Романс В. Р. Бакалейникова «Пожалей» на его же слова.

30 мая

Но вот оркестр из балалаек, мандолин и гитар в последний раз исполнял на бис обычно какую-нибудь украинскую песню и вставал, улыбаясь. Оканчивалось и второе отделение программы. Зал освобождали от стульев – частью выносили их, частью уставляли вдоль стен под репродукциями картин из Третьяковской галереи в светло-коричневых рамках... Когда зал освобождали, деревянная створчатая стена раздвигалась, и в классе, из которого парты к тому времени убирали, располагался с детства знакомый оркестр под управлением Рабиновича.
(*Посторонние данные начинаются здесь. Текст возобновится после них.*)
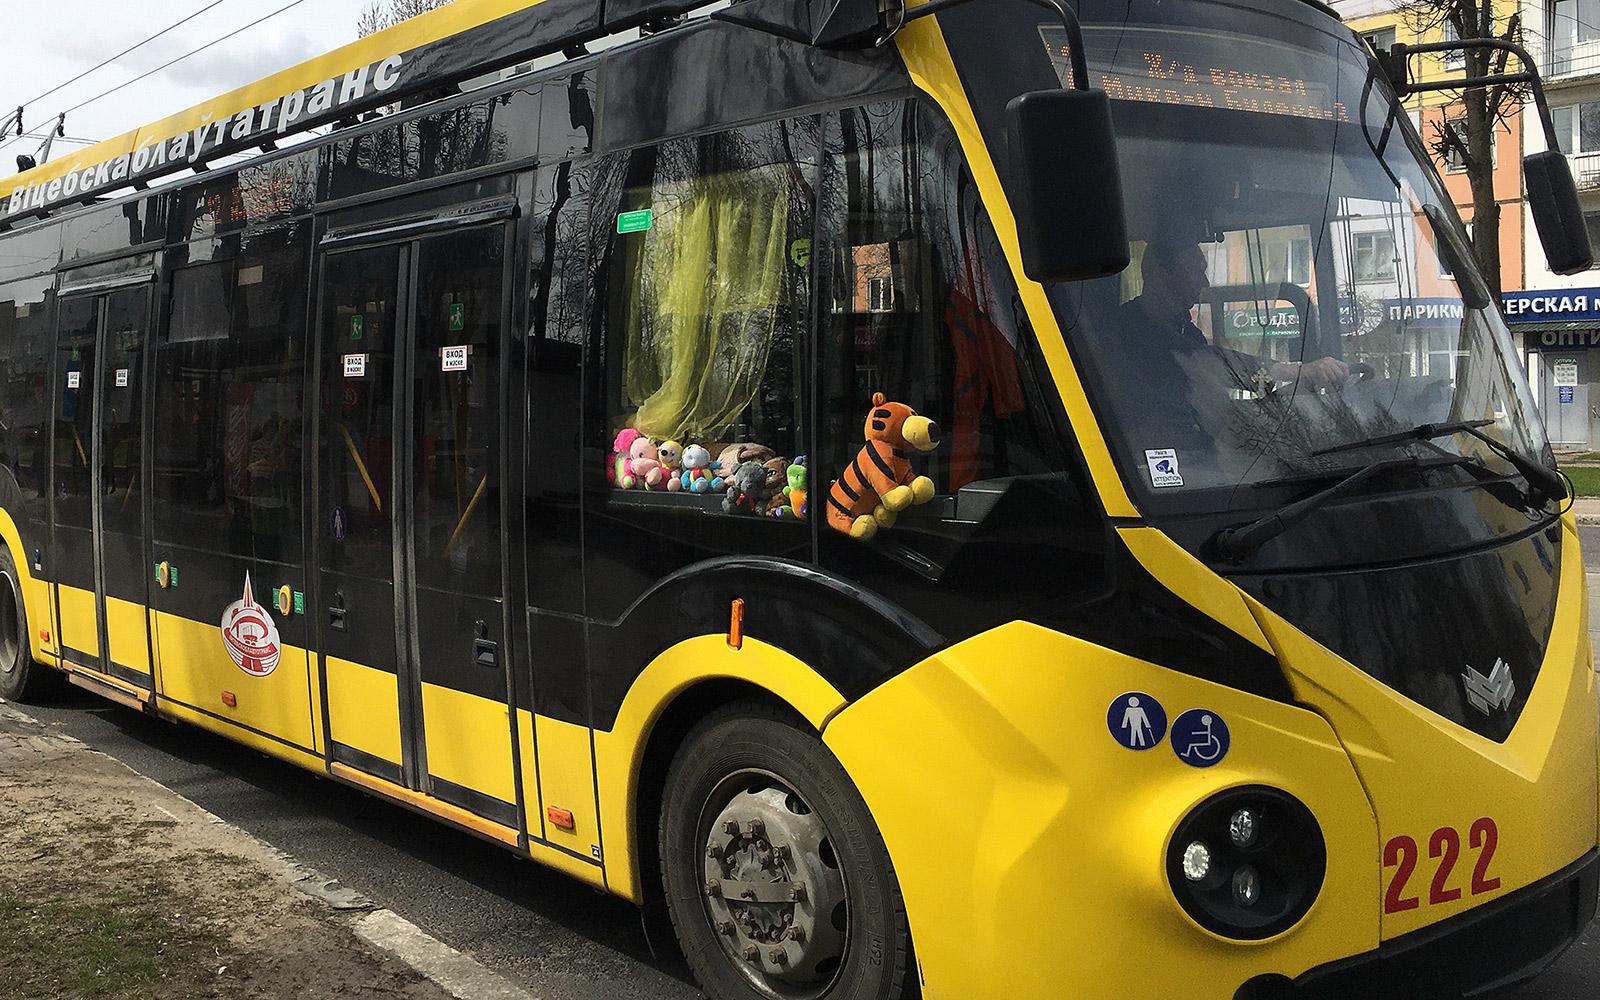 trolleybus-toys-vitebsk-20210427-01

Пол посыпали белым порошком. Мыльным, чтобы ноги скользили по крашеному деревянному полу, как по паркету. Воля Рудаков (сын нового податного инспектора, переведшегося недавно в Майкоп), стройный, красивый, высокий и легкий, дирижировал вдохновенно танцами. «Вальс!» – объявлял он тенором и приглашал старшую Авшарову. И начиналась самая интересная, главная, богатая событиями часть вечера, от которой зависело все.

1 июня

К этому времени, то есть к началу танцев, я был уже в зале и после ряда ходов, не менее сложных, чем шахматные, оказывался рядом с Милочкой. То, что я подходил к ней в антракте, уже казалось мне событием устаревшим, не дававшим никаких прав, несмотря на то, что был ею встречен приветливо. Но вот я возле – до сих пор не смею сказать: «Мы вместе». Это слова грубые и отрезвляющие. Подойти мне удалось вместе с кем-нибудь из Соловьевых или заговорив с кем-нибудь из стоящих возле Милочки. Иногда я решался пригласить Милочку на какой-нибудь из легких танцев.